Monday, 17 December 2007

It's Freezing Here!

Well, the water in the gutters and on the pavement is mostly all frozen so it's officially gone from "cold" to "freezing" here.

Last night the Flat of Rats (Molly & Johanna; though Johanna was off at French class) hosted a mulled wine and poker (well, poker and whist) night that was good fun. The grand prize was a bar of chocolate but due to a failure to work out exactly how to determine who the ultimate winner was, we ended up sharing the chocolate. I lost abysmally in the practice round while the two who knew what they were doing taught us all, while Doc apparently used up all his beginner's luck that round. During the "real" round I did well enough though. I still feel absolutely no urge to risk more than chocolate, however. I was tense enough just playing with little plastic chips that weren't worth anything. The best hand I won they reckoned I could have driven them all up way higher, but I'd been keeping my bets so low till then I figured they would know something was up.

Ron declined to play, thus earning no chocolate, but he enjoyed mulled wine and sitting nearby working on his newest role-playing background (since the internet was down, he claimed there was no way to job hunt anyway, and I suppose it would be unfair to expect him to work on cover letters while the rest of us played cards. Particularly as one of the card players is also job hunting in the same field).

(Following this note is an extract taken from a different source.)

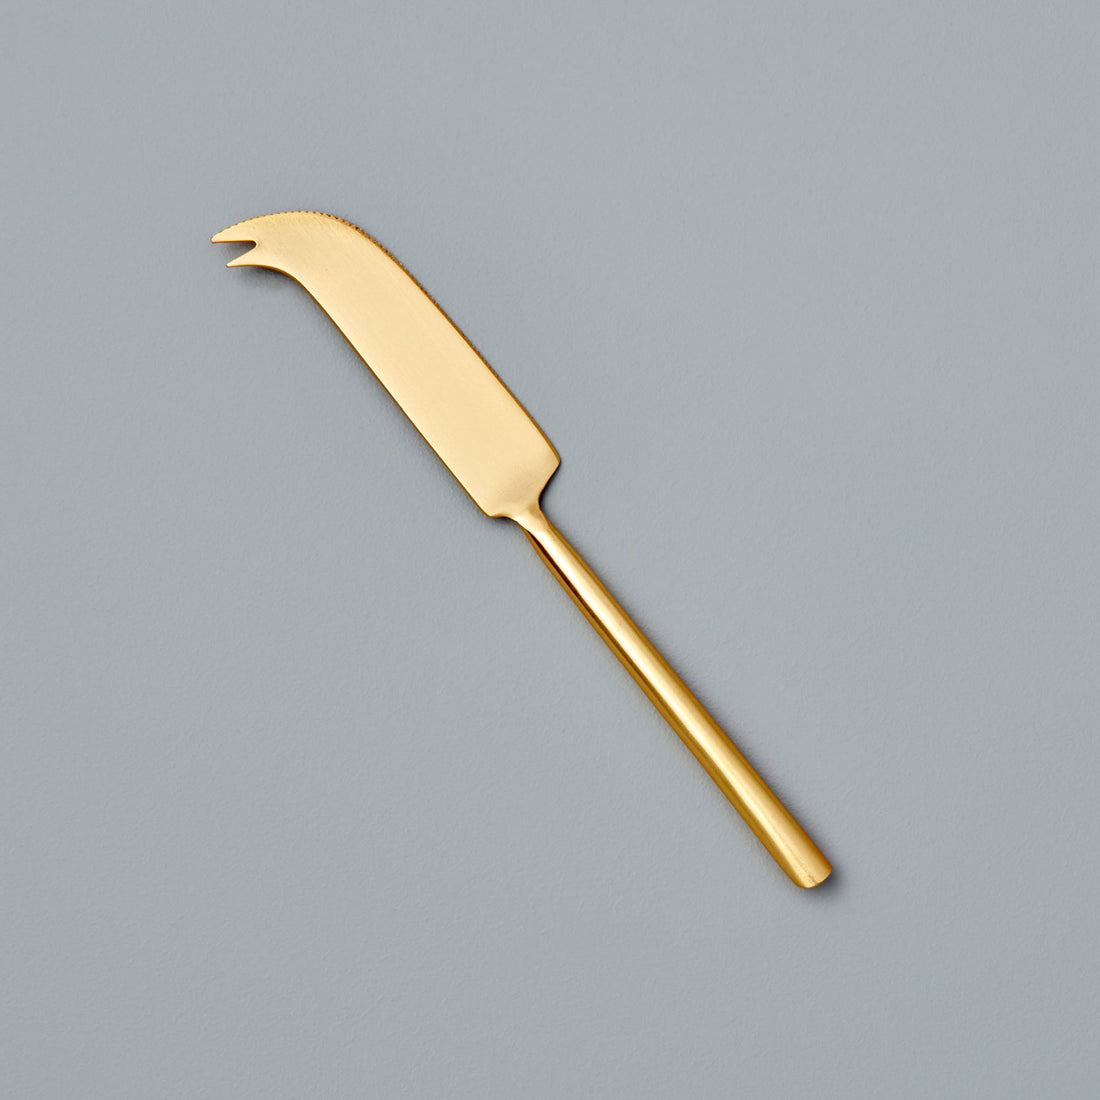 https://cdn.shopify.com/s/files/1/0376/0920/9900/products/Be-Home_Matte-Gold-Cheese-Knife-_25-1031.jpg?v=1611260127&width=1100

Between travel prices being higher than expected, and the fact that, if we left, Johanna (whose family is in Sweden) would be all alone for Christmas, I think we've finally decided to stay in Glasgow for Christmas. It was Ron's mother who suggested it, being a practical sort, and we did see her just recently. I still feel a little guilty though, since who knows when we'll next be so close to her for Christmas. At least Jacky is going down. And hopefully once we both have "real" jobs, hopping a flight to the London area, even from the US, won't be such a problem. Of course, then there's all the question of fuel use and damage to the environment...

As a tangent, since I was teaching on this topic just last year, the UK general populous (ok, as judged from BBC radio and my over-educated friends) seem far more inclined to take anthropogenic global climate change as a fact. Annoyingly (from a selfish standpoint) the British law makers (though not my friends) seem inclined to target air travel first and foremost. I, however, think that cheap airtravel tends to make people more aware of how small a world it really is, which can only be useful in trying to get people to care about environmental changes in other places as well as overall. By that token, global travel should be one of the last things hit, not the first. Of course, I am quite biased.